Performance of Parapharsing Technique = 60% Performance of Pseudo Relevance Feedback System in Percentage = 40%

Considering above mentioned performance figures, we can say that paraphrasing approach performs 20% better then pseudo relevance feedback system.

6.4 Comparison

In this section, graphically we compare the results of pseudo relevance feedback and paraphrasing. All feature selection techniques do not produce their peak results at the same defined set of parameters which are number of top retrieved relevant documents (10,15,20,25,30) and candidate expansion terms (5,10,15,20,25,30) that get merge with query.

That is why, to lay out the clear picture of the performance of PRF system and better comparison, Fig. 3 shows peak results only against the best parameters for all techniques found through exhaustive testing as highlighted in the Table 3. For instance, taking into account following pair of test points (Number of documents = 10)(Number of terms = 5,10,15,20,25,30) ChiSquare produces it’s best result at (Number of documents = 10, Number of terms = 30), KLD (Number of documents = 10, Number of terms = 10), whereas RSV at (Number of documents = 10, Number of terms = 20) and so on. Hence, we consider only these points as a benchmark for test in graphical representation. In addition, results of paraphrasing technique over following test points (Number of documents = 10,15,20,25,30) have also been added in the graph.

Mentioned pictorial representation summarize the performance of both PRF against the number of documents and Paraphrasing system against the number of paraphrases in terms of mean average precision. As the graph suggests, it’s pretty easy to understand that Rocchio and paraphrasing technique outperformed the rest but in a straight comparison, Rocchio is a clear winner because it went up gradually despite under performing at start (No of doc= 10) to meet the highest starting level set it by Paraphrasing system. On the other hand, even after the good start by getting flattened out and keeping steady at some test points, paraphrasing performance start getting decrease after a dramatic dropped of at certain test point (No of doc= 20). Moreover, Probability Relevance Feedback (A Term selection Technique) performance’s is even worst than the Baseline. Surprisingly, the idea of upgrading the performance of PRF system upto paraphrasing system through newly introduced combinational techniques have been terribly failed as Borda count did not make a huge difference in the results and Intersection performed as bad as baseline. As a result, we conclude that Paraphrasing system outperforms Rocchio until 15 number of paraphrases/15 number of documents but after that both perform equally good and kept increasing slightly until 20 number of paraphrases/20 number of documents. After that, all of a sudden paraphrasing performance kept decreasing.

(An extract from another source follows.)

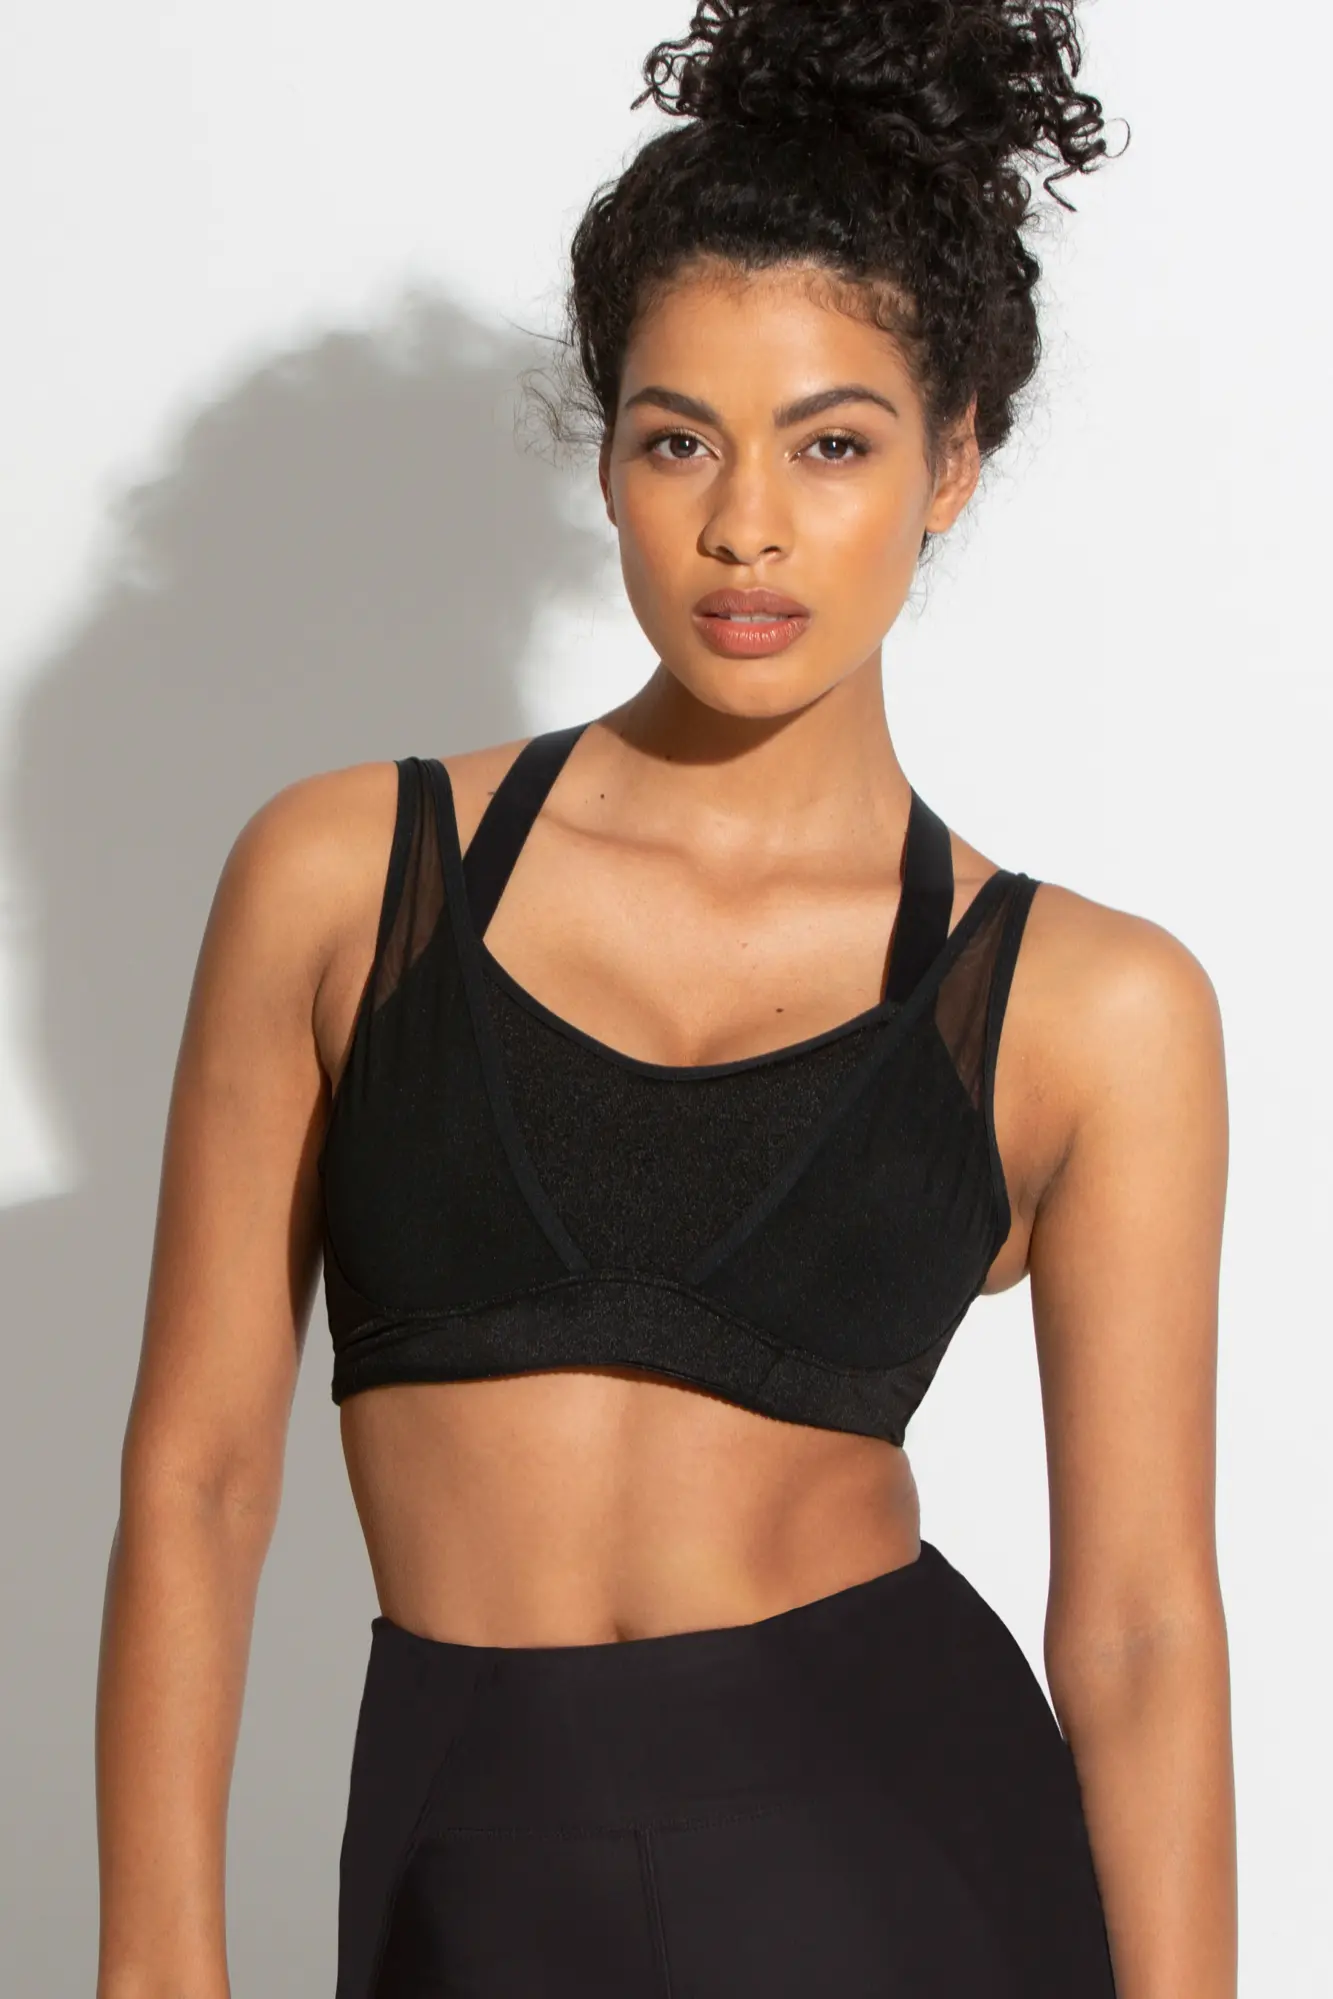 How To Find The Perfect Fitting Sports Bra!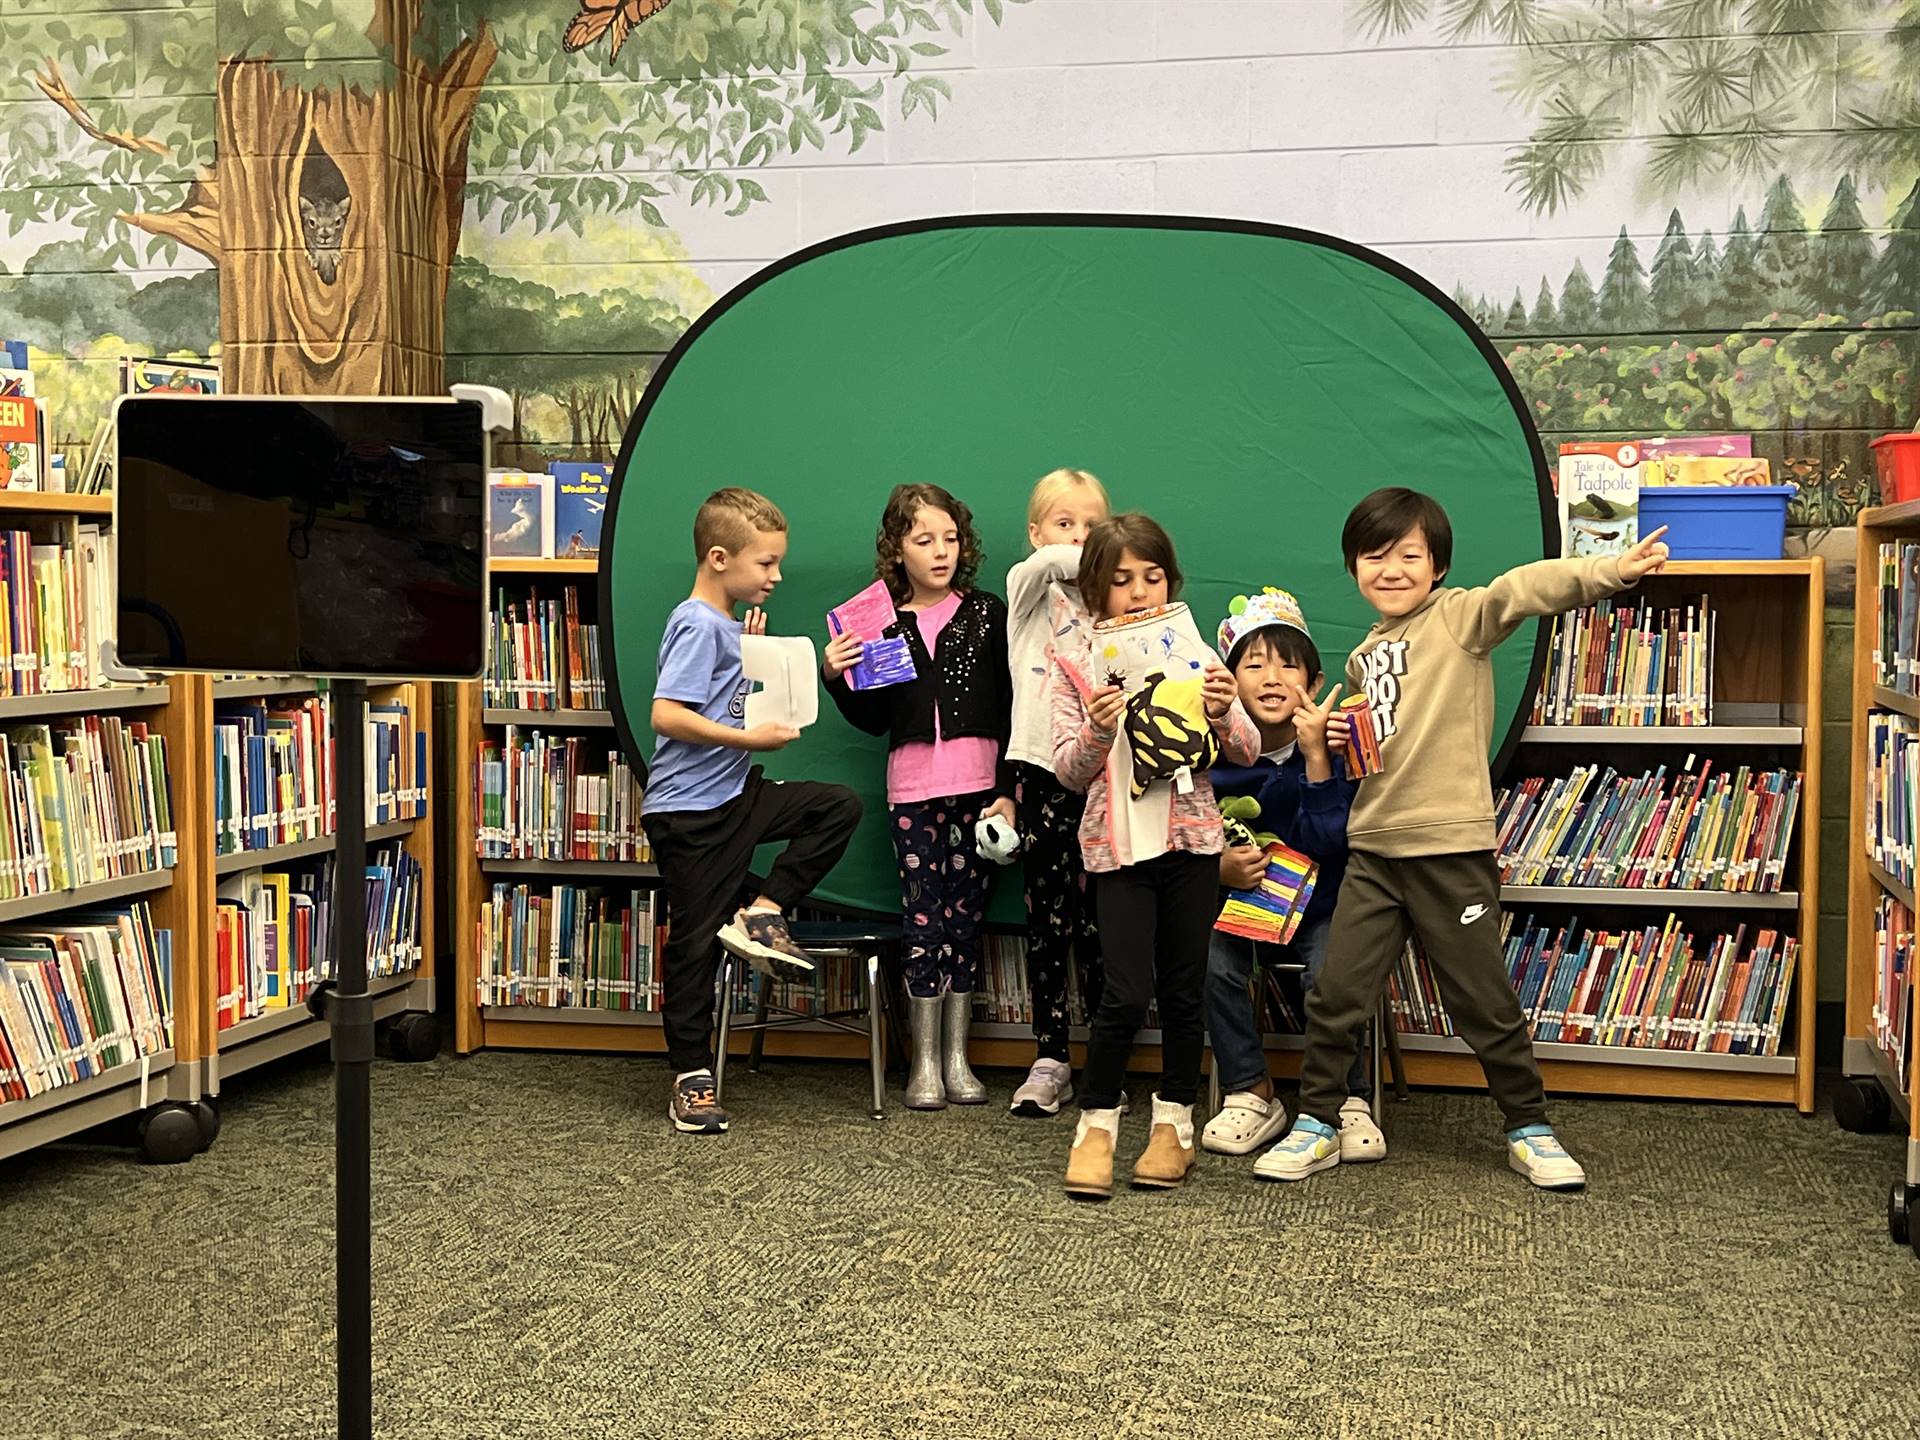 1st grade students engaged in videography project.

7 Conclusion and future work

We introduced couple of techniques to improve the performance of biomedical document retrieval process: Combination techniques(Borda Count, Intersection) in Pseudo-Relevance Feedback and lexical paraphrasing technique. We compared the performance of combinational algorithms with individual term selection algorithms. To evaluate the performance of paraphrasing technique, we compared it with pseudo relevance feedback metrics. Surprisingly, in biomedical domain all introduced combinational techniques underperformed as compared to the other domains where they are performing quite well. Out of 7 term selection algorithms, IG, Rocchio and KLD performed pretty well whereas all other term selection algorithms failed to show a reasonable performance as a whole. Besides, paraphrasing performed 20% better than pseudo relevance feedback system, which is a reasonable rise in performance. Conclusively, performance of paraphrasing technique is way better than the pseudo relevance feedback system and it mainly depends upon two factors: ranking of newly generated paraphrases and the number of top chosen paraphrases. Moreover, paraphrasing technique requires high computational cost to calculate statistical information which play a key role in paraphrase ranking. In future, we shall be working with word2vec to calculate statistical information for paraphrase re-ranking.